End the state GOP’s one-party reign-of-error. Vote stupid out.
Minnesota’s economic health is a damning indictment of GOP mis-rule in the Badger State, because the policies and legislation the GOP legislative majority railroaded into law here (sometimes late at night and without debate), rubber-stamped by our idiot-puppet governor, have not promoted broadly-shared economic recovery.
They weren’t intended to.
Far from it. Instead, Governor Walker and the GOP majority reengineered the state economy to further enrich the already-rich by robbing ordinary Wisconsinites. The Badger State, as too many ordinary Wisconsinites are slowly realizing (no thanks to AM talk radio), has been a test tube for toxic “Kochanomics.” And that lead boat don’t float.
2016 Median Annual Household income in Wisconsin was $59,817. In Minnesota it was 70,218. (1)
“Minnesota reported wages and salaries totaling $11.9 billion more than Wisconsin in the first quarter of 2008. By first quarter 2018, that total wage gap had nearly doubled to $22.4 billion.” (2)
“After Walker and Dayton assumed office, wages in Minnesota have taken off, while in Wisconsin, they have stagnated. Since 2010, growth at every point in the wage distribution has been stronger in Minnesota than in Wisconsin. From 2010 to 2017, the median wage in Minnesota cumulatively rose 2.4 percent over and above inflation—meaning that middle-wage workers in Minnesota have had a measurable improvement in their living standards. Minnesota’s median wage growth was also stronger than the 1.6 percent the U.S. experienced as a whole over the same period. In contrast, from 2010 to 2017, the median wage in Wisconsin rose only 0.3 percent after inflation. In other words, middle-wage workers in Wisconsin are treading water, barely hanging on to the same buying power they had in 2010.” (2)

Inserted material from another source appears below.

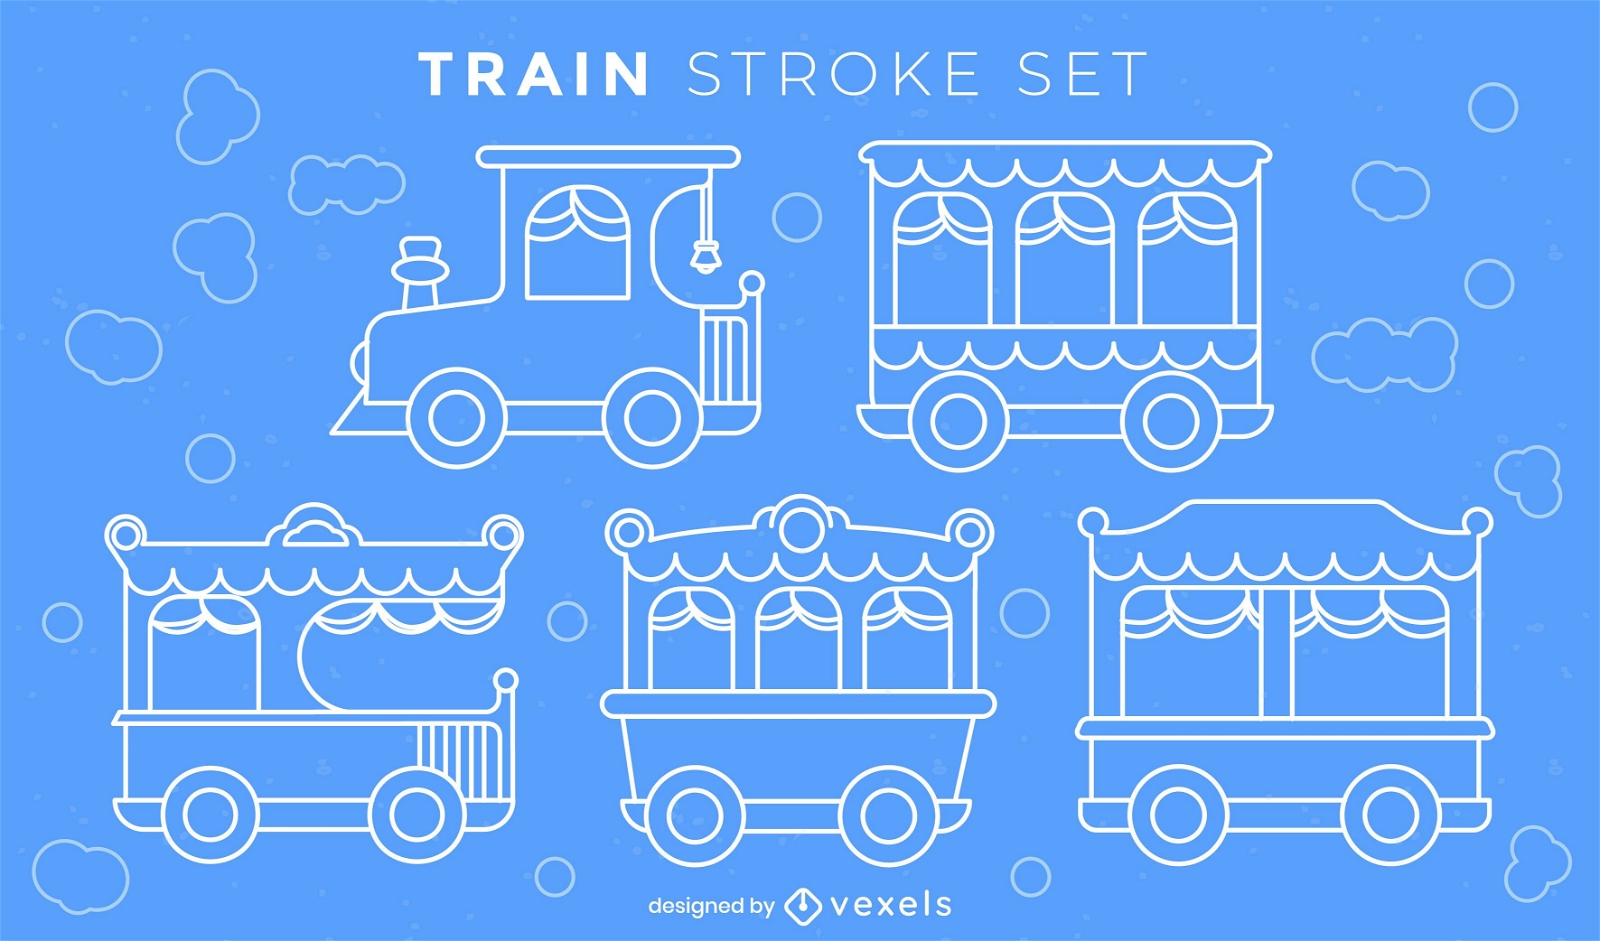 Side trains stroke set
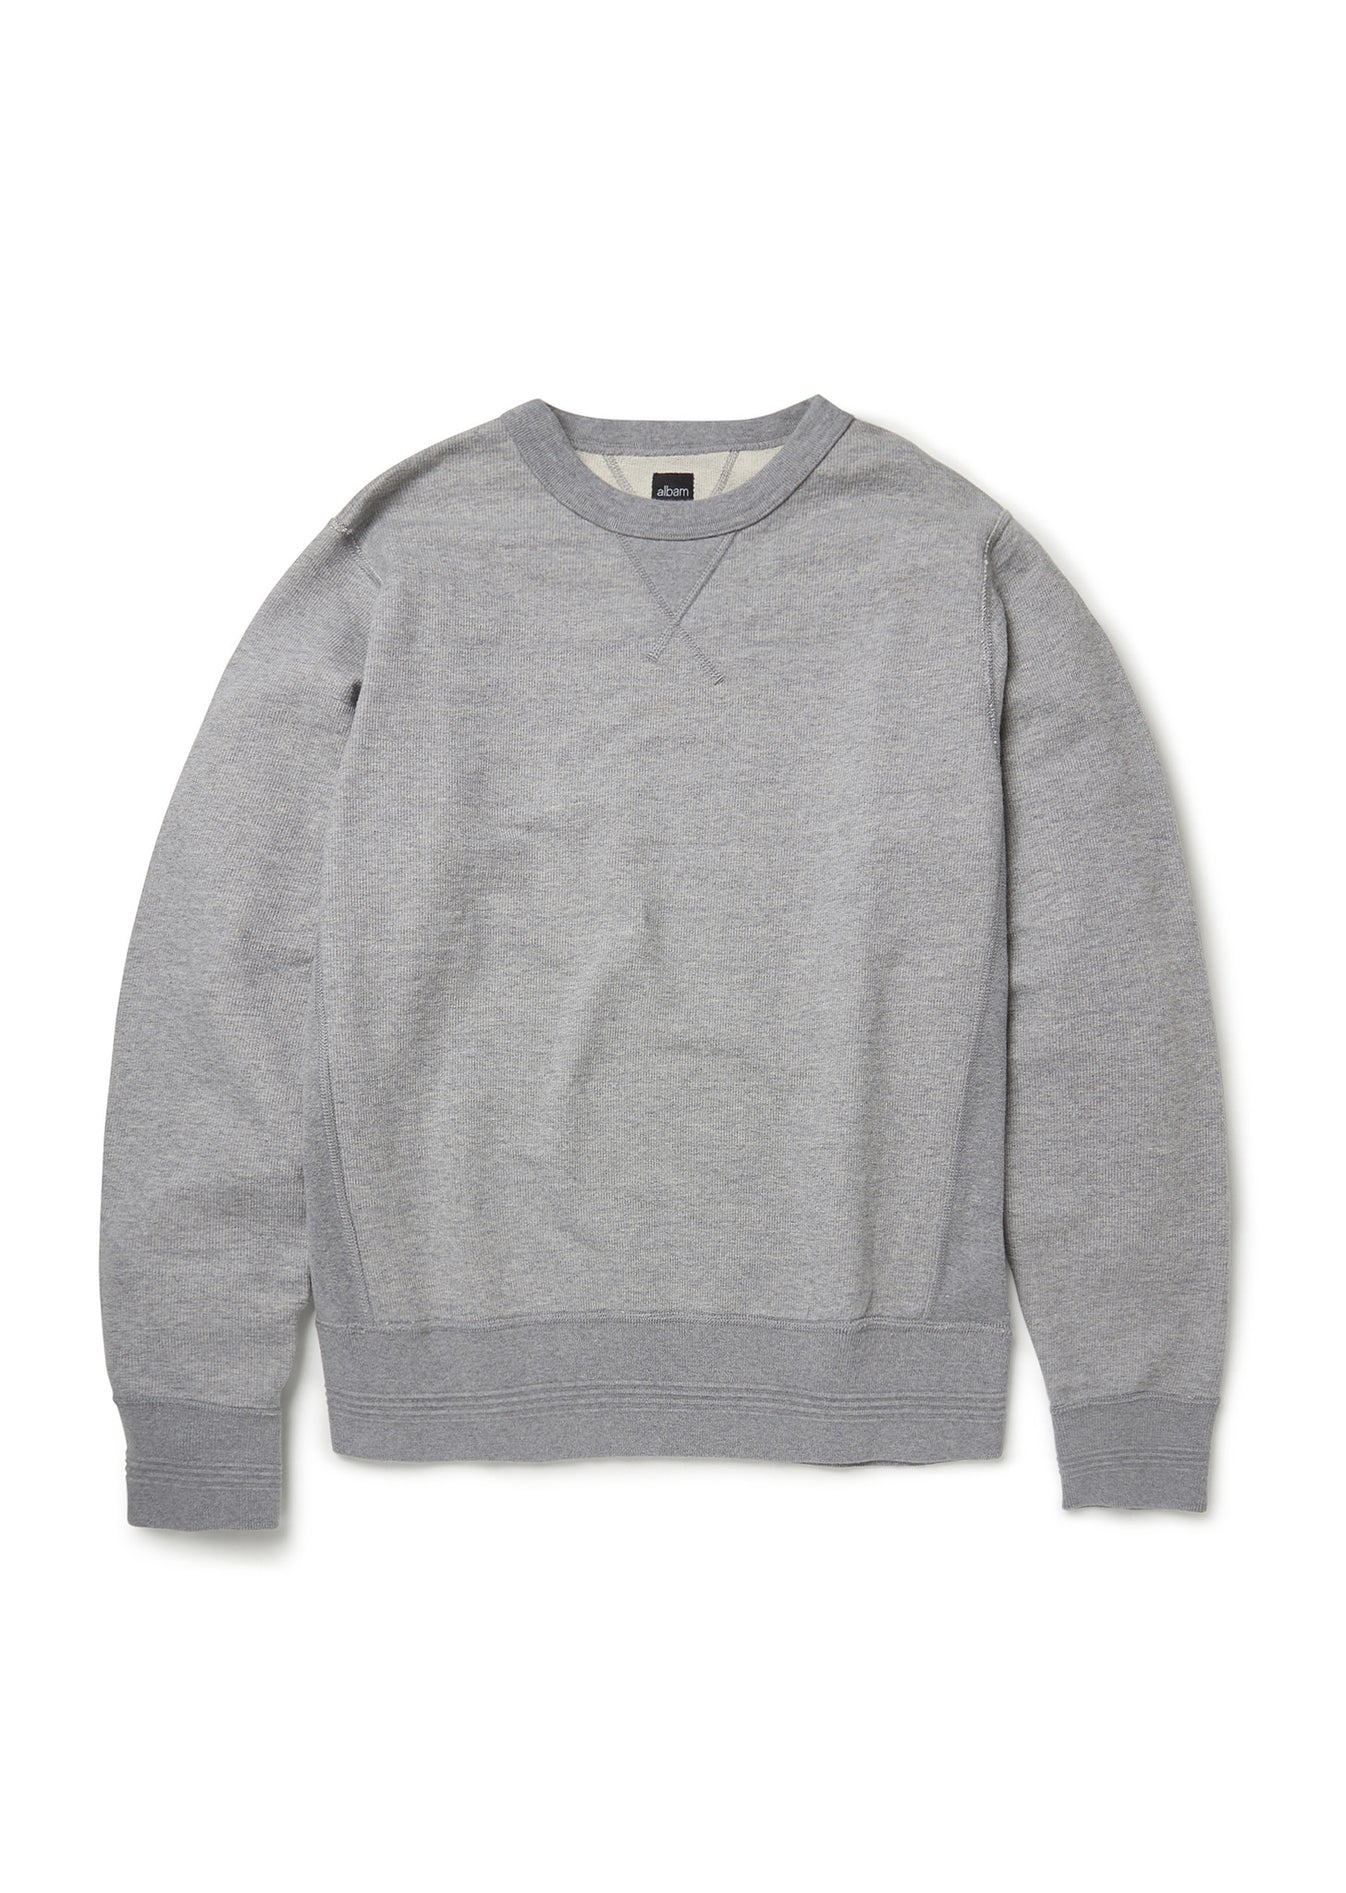 albam Clothing Sweatshirt in Grey Marl

Ordinary Wisconsinites and journalists need to hound Walker and the GOP majority in the legislature with this question: “How does this wage gap improve our own economic security and quality of life?”
Followup questions: “Why did you let this wage gap continue? What have you been doing for seven years, seven years (!), instead of addressing this wage gap?”
Academics, social workers and economists know: Walker and the GOP have been busy lowering the quality of life and the economic security of ordinary Wisconsinites in many other ways:
“On virtually every metric, workers and families in Minnesota are better off than their counterparts in Wisconsin—and the decisions of state lawmakers have been instrumental in driving many of those differences.” (2)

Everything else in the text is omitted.